In other words, you have to be weird.
How to Be Weird
When I lived in China, I got used to the idea that I was a sort of outlier – if only because of my skin color and culture. More than any other place I have lived, my differences were clearly marked and I had to fight against the cultural norm (at times) to maintain my own way of life. Because I was doing business with Chinese people, this meant developing certain tactics. Now, I use these to maintain my “weirdness” when doing things like bringing a salad to a restaurant.
1. Explain Your Choices (Correctly)
One of the simplest solutions, yet difficult to master. Try telling a Chinese businessman that “I don’t drink” (for example) and you may have just dug yourself a hole in the relationship that harms your relationship (even his trust in you). On the other hand, if you say “my doctor says I cannot drink” then nobody will fault you for that.
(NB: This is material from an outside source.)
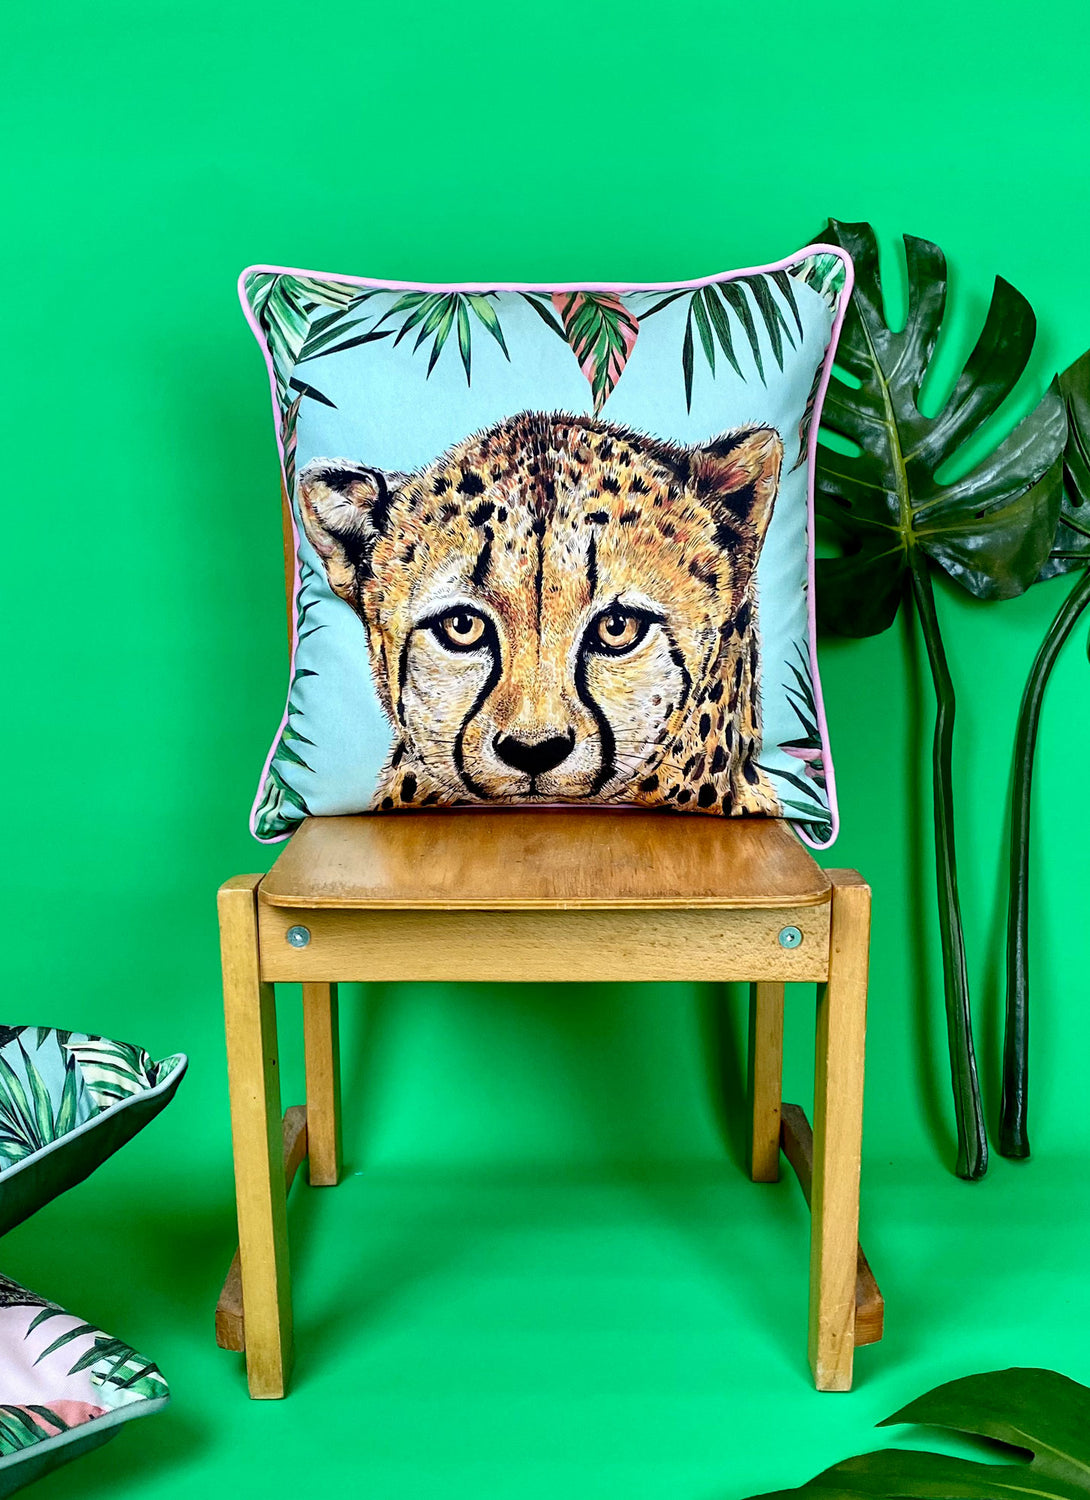 Tropical Cheetah Cushion Cover

I use this blog as an excuse all the time. Many of my choices may be weird and seem difficult to justify, but if I redirect the explanation by talking about the purpose of “Life by Experimentation” and conducting meaningful self-experiments, the attention gets redirected. Someone who buys every tech gadget they find, for example, is an addict – but someone who writes about them is a reviewer. Similarly, I try weird things (like wearing an EEG to bed), but it is “okay” because I am testing and chronicling them.
2. Hide Your Choices
When you cannot effectively explain your choice (or just don’t want to), you can hide it. In China, my western colleagues and I developed a sophisticated strategy of “fake drinking” (discreetly spitting beer into tea cups and “baijiu” alcohol into water) to avoid becoming excessively drunk. Likewise, you could find a way to put your salad onto a plate at the restaurant.
3. Force Your Choices On Others
Certainly the most boorish solution, but that does not mean it should be discounted. If dinner is at my house, I will cook and entertain – but I will choose foods that fit with the aforementioned experiment. Or, if someone cannot understand why I would choose to undertake such an experiment (like when I taught myself to become ambidextrous) I can simply use my knowledge on the subject material to talk them down.
I don’t mean to say that you should be rude, but rather, remember that your choice to do something unusual is a choice you (hopefully) made with good reason.
What Is Normal?
People will subconsciously try to pull you back to the center of the “social norm” simply to protect their own sense of “what is normal.”
Don’t let them.
“Normal” or “average” is (generally) nothing to strive for. Again, if you have thought through your goals and your reasoning and you believe in what you are trying to do, then don’t let anybody sway you from that course (without good reason). If someone tells me that my dietary habits are dangerous I will certainly listen, but if their complaint is simply that I am not doing what they are doing, it is not a valid complaint at all.
So, what’s your definition of abnormal? Do your friends and family look at you strangely for certain choices you make? How have you dealt with it?